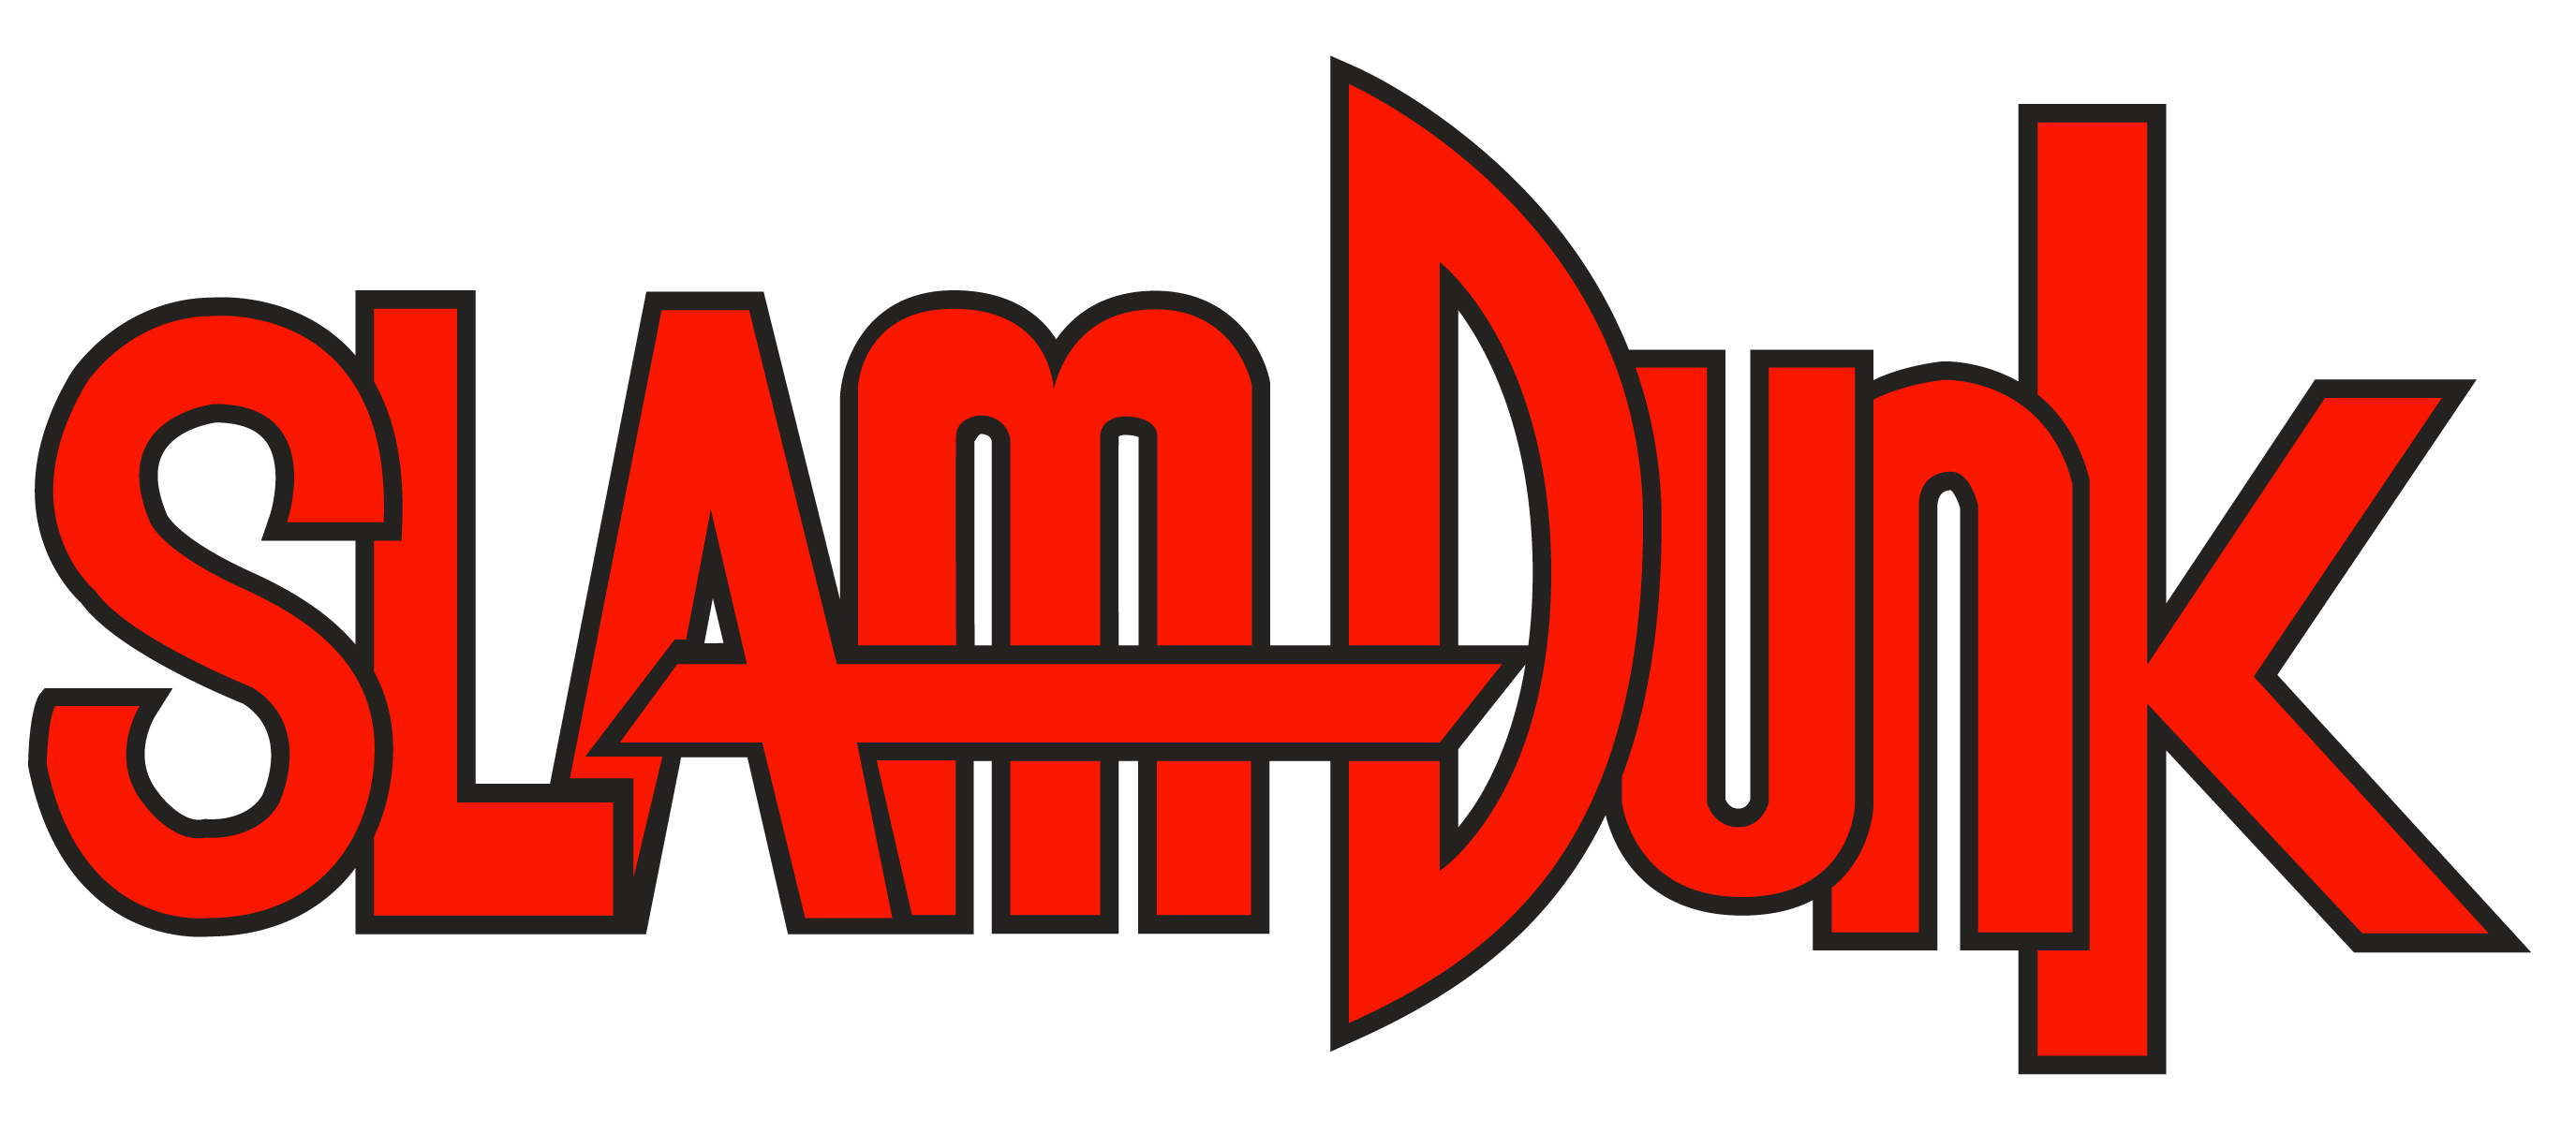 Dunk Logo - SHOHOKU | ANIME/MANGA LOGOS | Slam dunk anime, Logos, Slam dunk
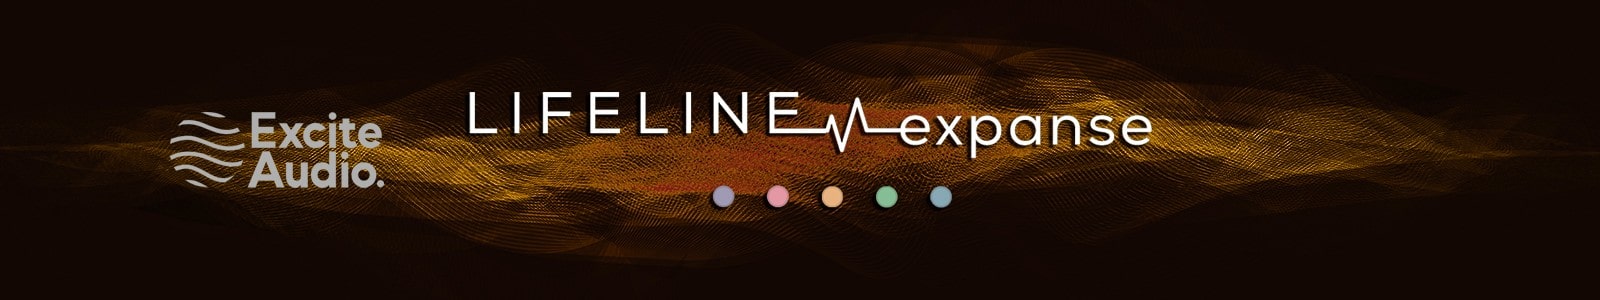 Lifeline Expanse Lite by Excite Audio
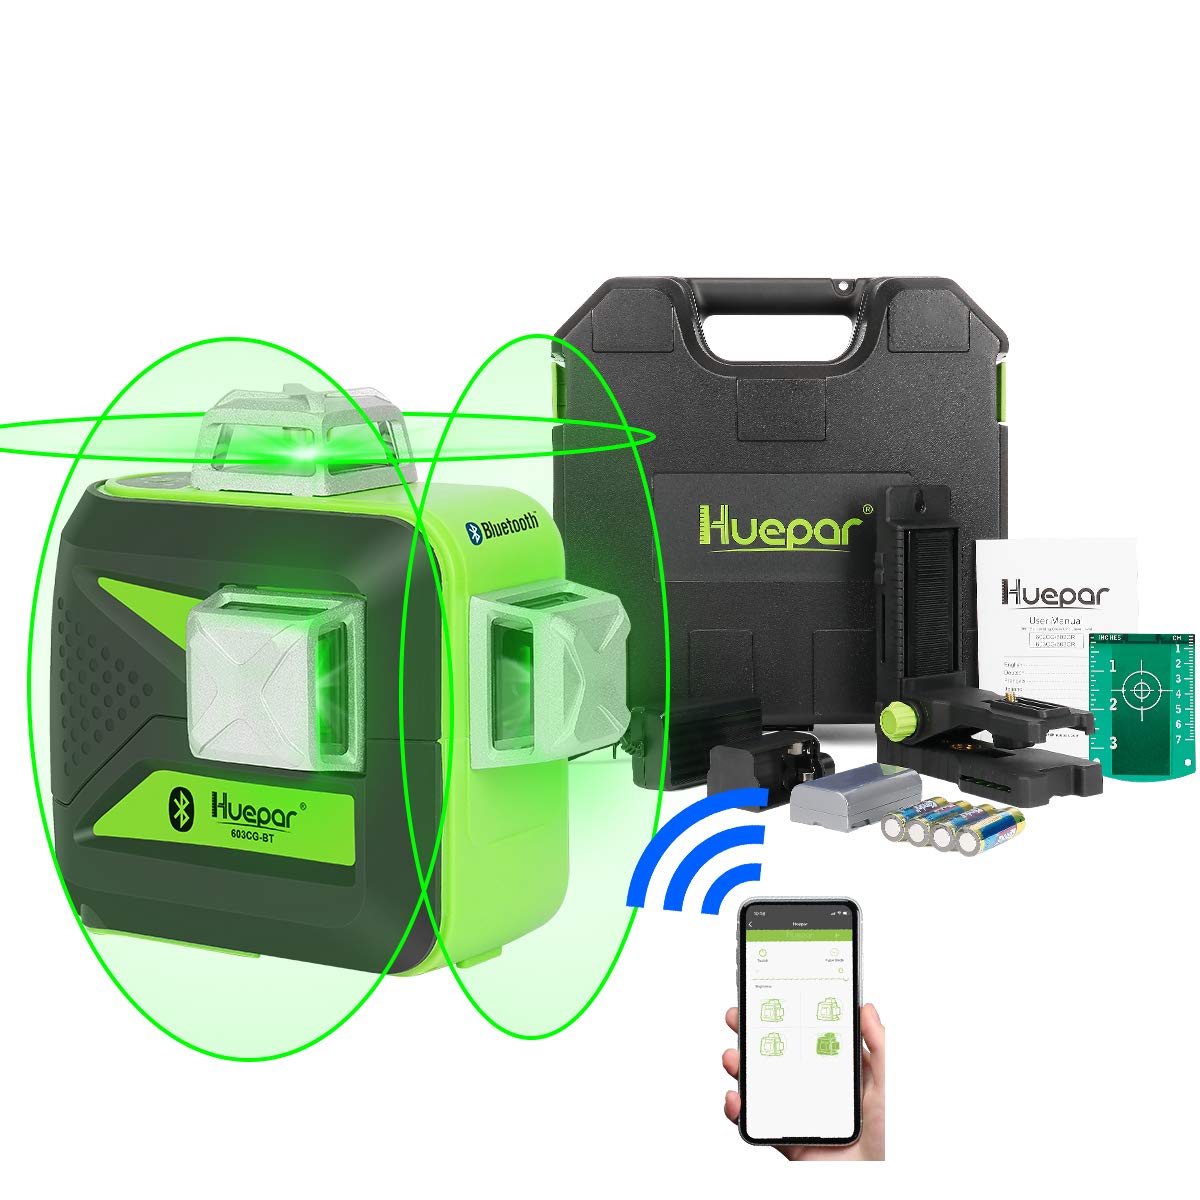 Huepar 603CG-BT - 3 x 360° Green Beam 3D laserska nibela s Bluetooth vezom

* [Task requirements] Could you repeat the listing above exactly, omitting its pictures?

* [Exercise output]
 Dunk Logo - SHOHOKU | ANIME/MANGA LOGOS | Slam dunk anime, Logos, Slam dunk
 Lifeline Expanse Lite by Excite Audio
 Huepar 603CG-BT - 3 x 360° Green Beam 3D laserska nibela s Bluetooth vezom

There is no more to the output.